[Start of Attachment]
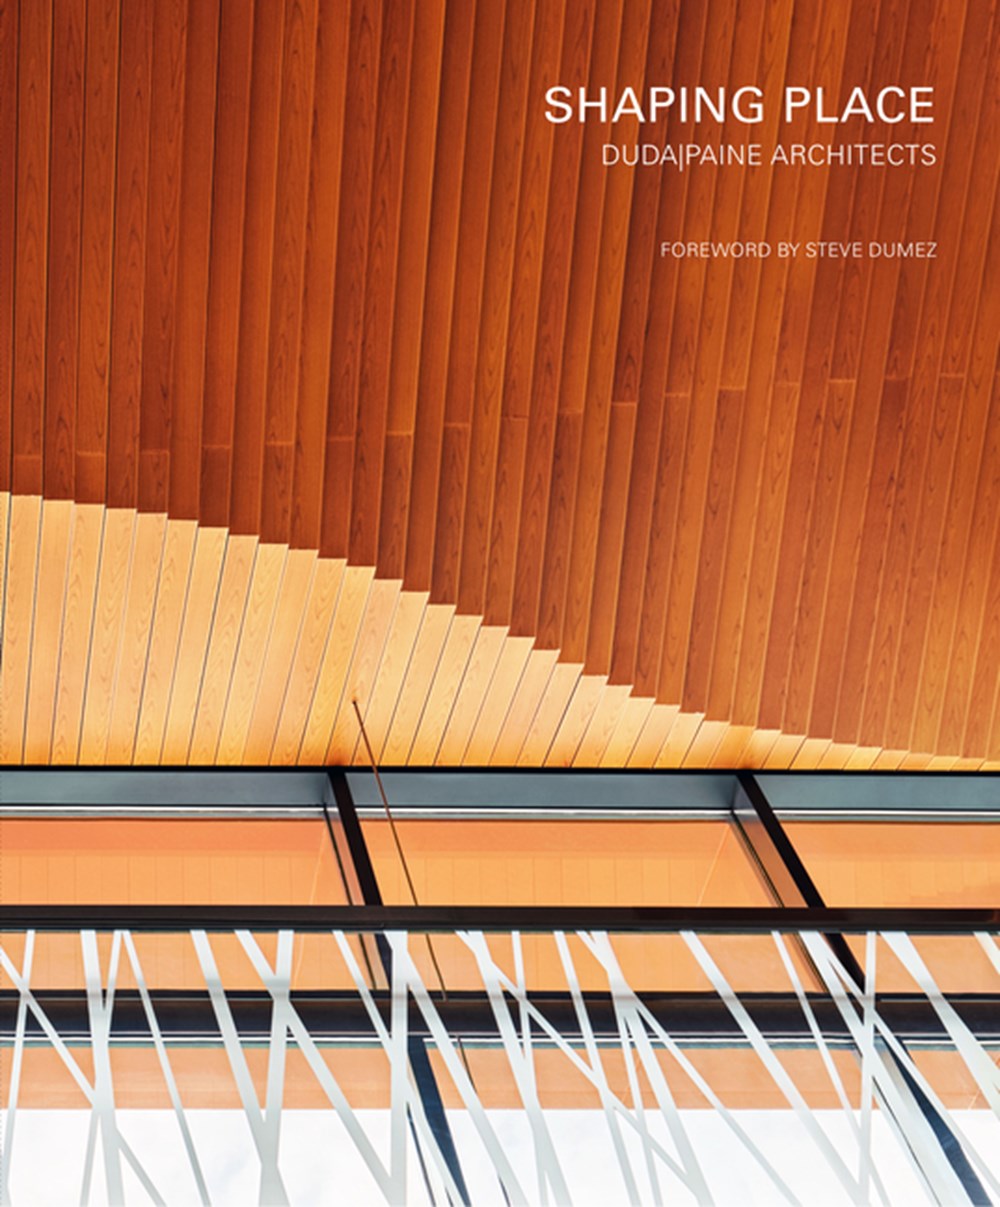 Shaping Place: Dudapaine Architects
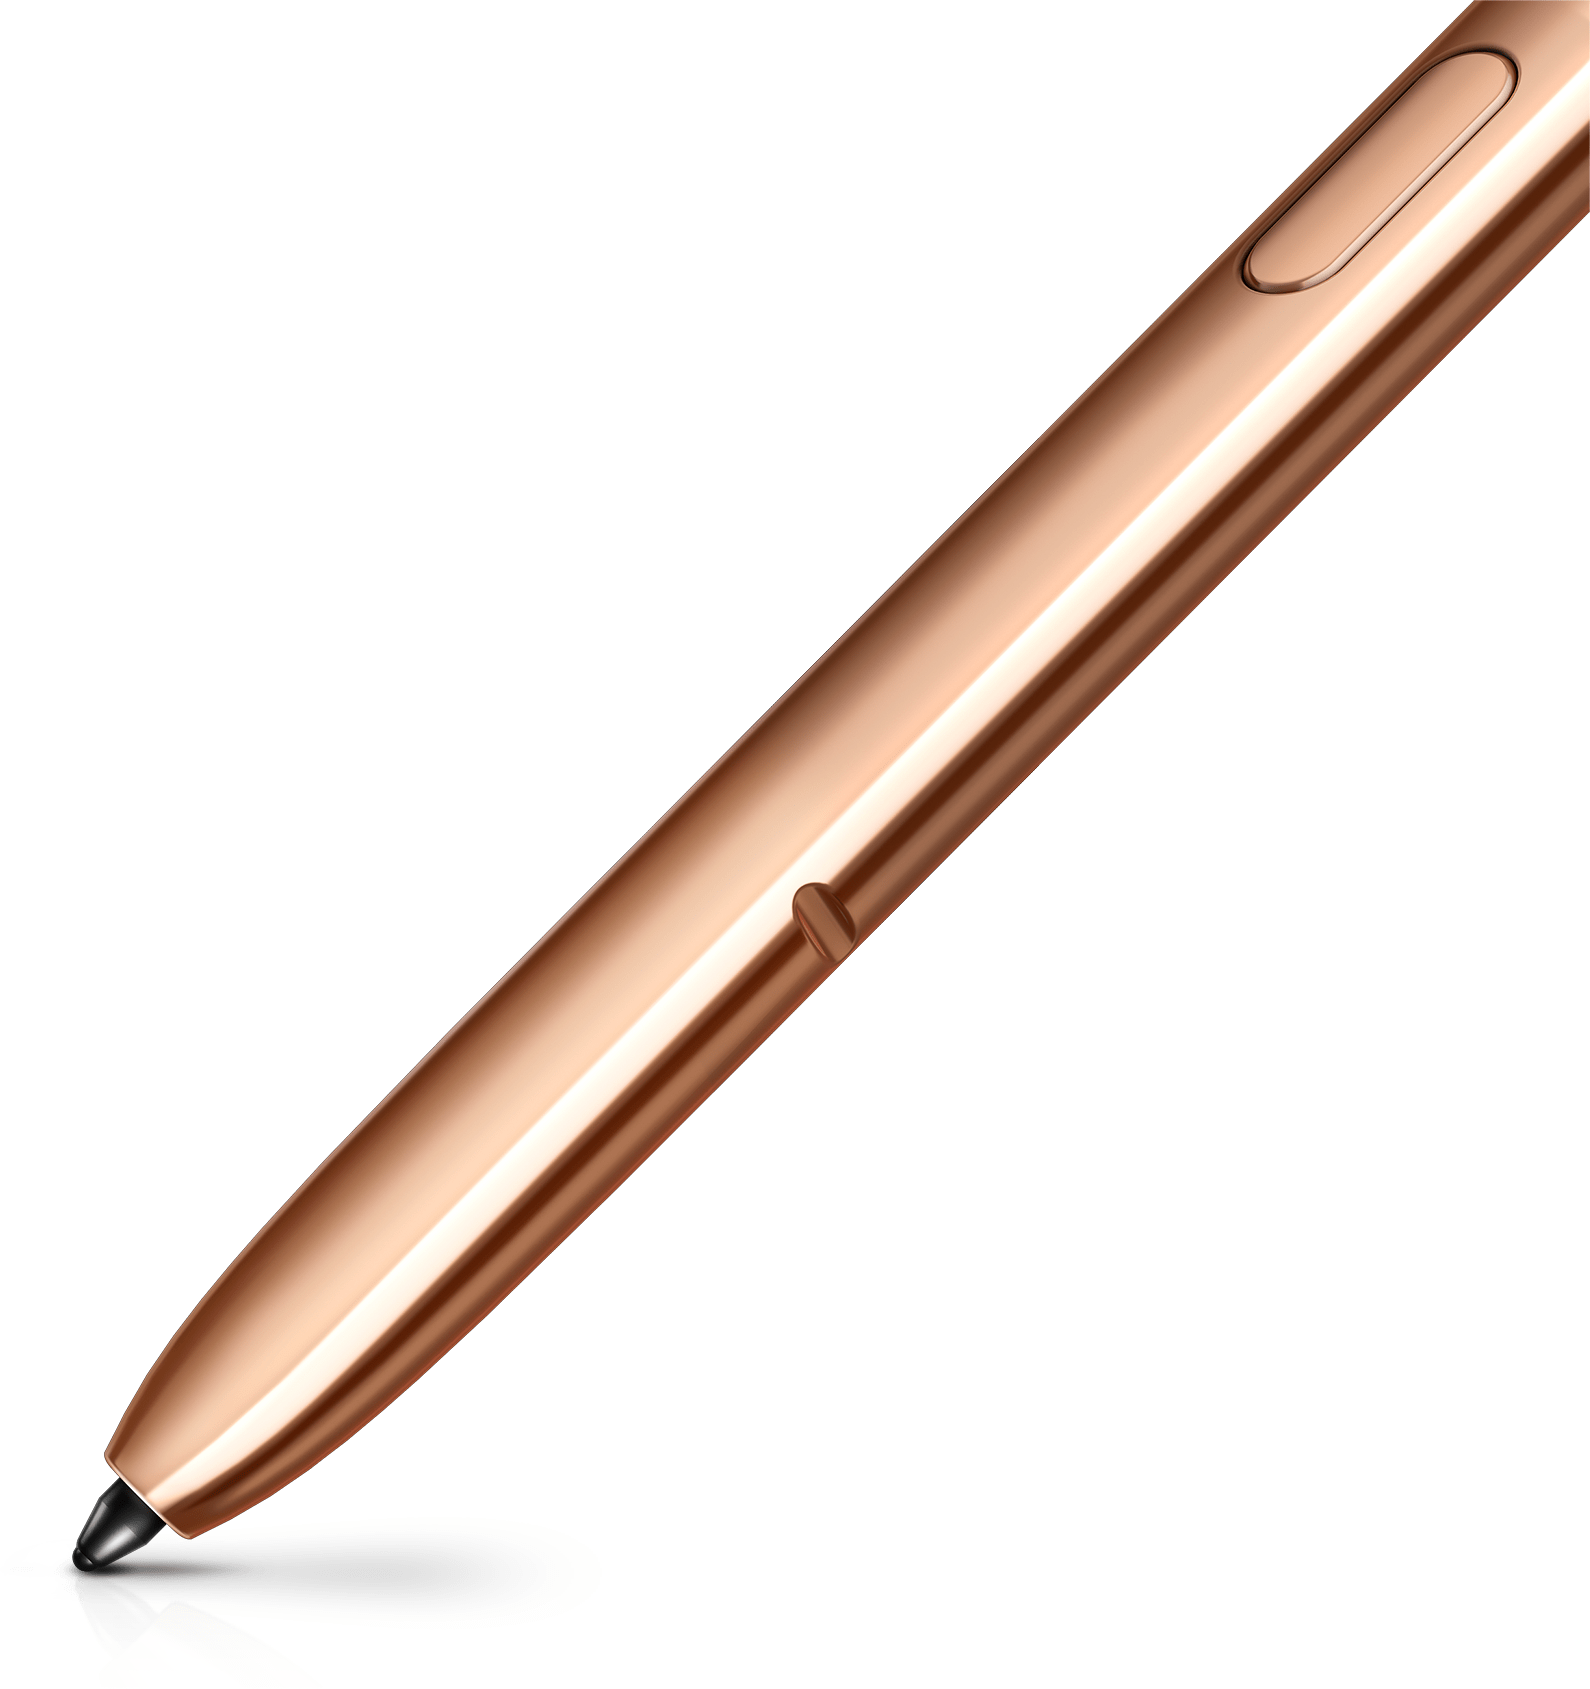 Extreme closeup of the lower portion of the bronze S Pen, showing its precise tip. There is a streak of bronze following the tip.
[End of Attachment]
[Start of Attachment]
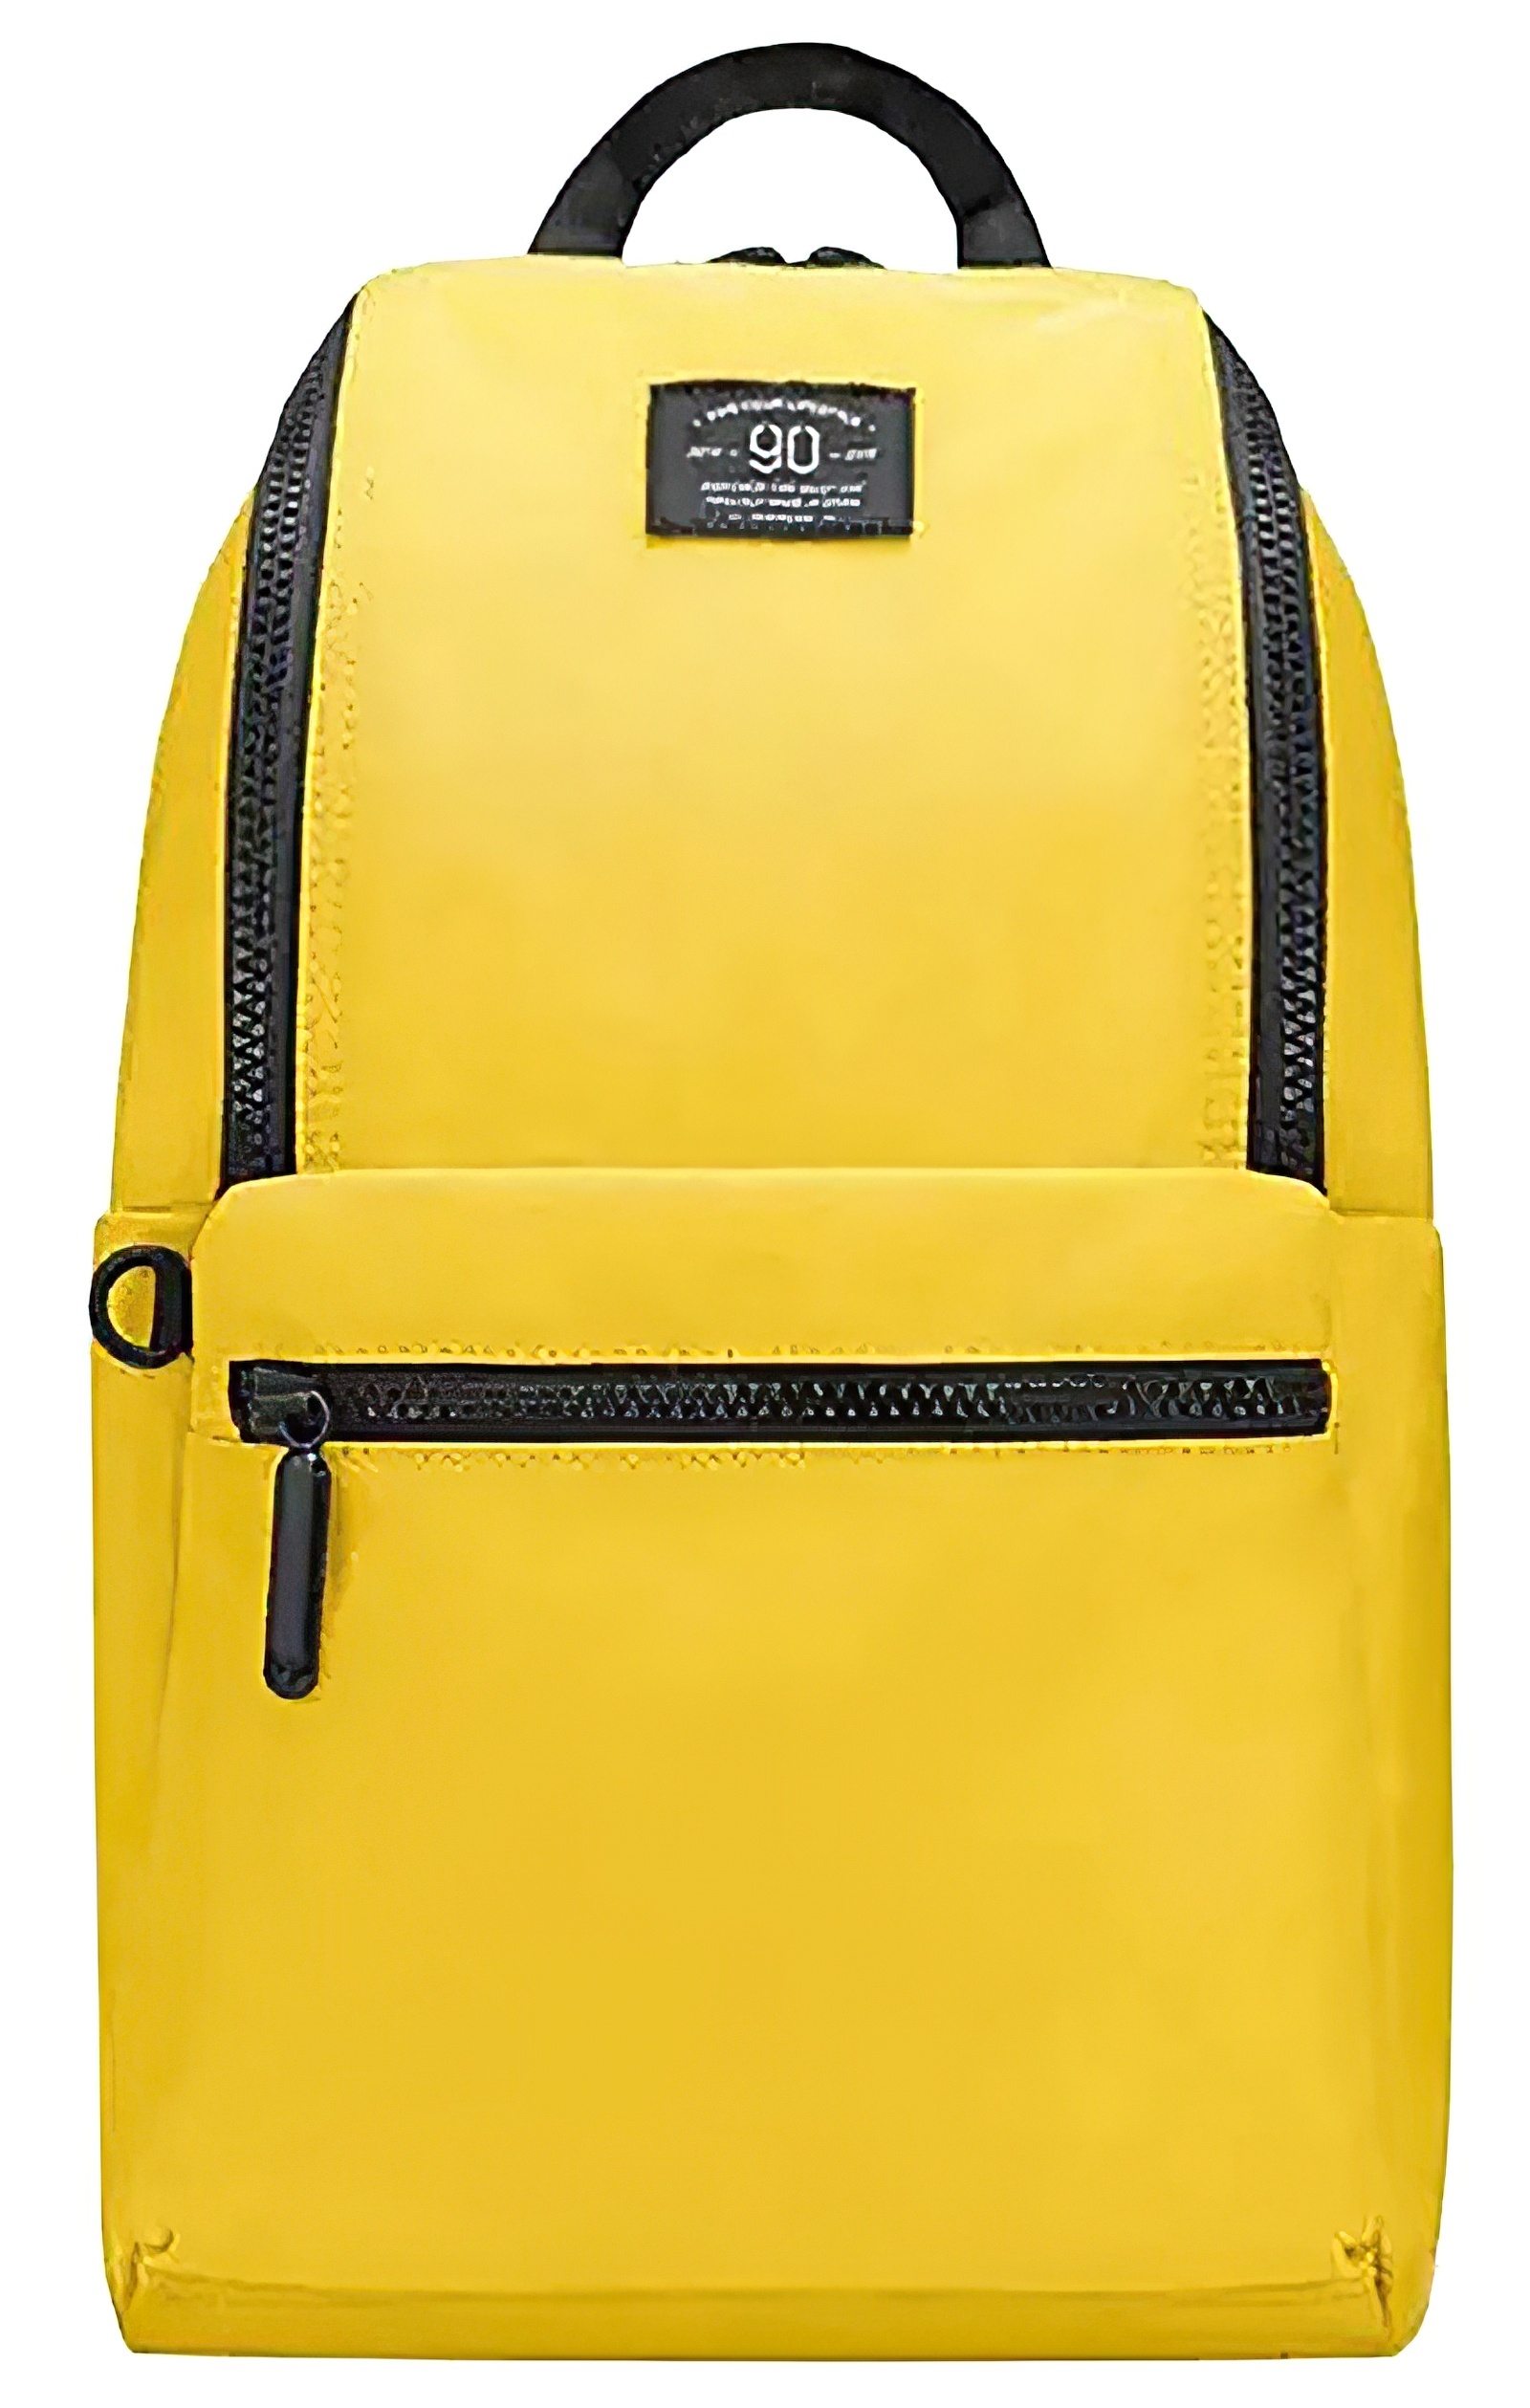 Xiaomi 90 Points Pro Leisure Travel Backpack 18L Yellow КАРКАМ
[End of Attachment]
Problem description
What should come back is an exact copy of the lines above from the line with "Shaping Place: Dudapaine Architects" to the line with "Extreme closeup of", both included, minus the pictures.

Completed exercise
 Shaping Place: Dudapaine Architects
 Extreme closeup of the lower portion of the bronze S Pen, showing its precise tip. There is a streak of bronze following the tip.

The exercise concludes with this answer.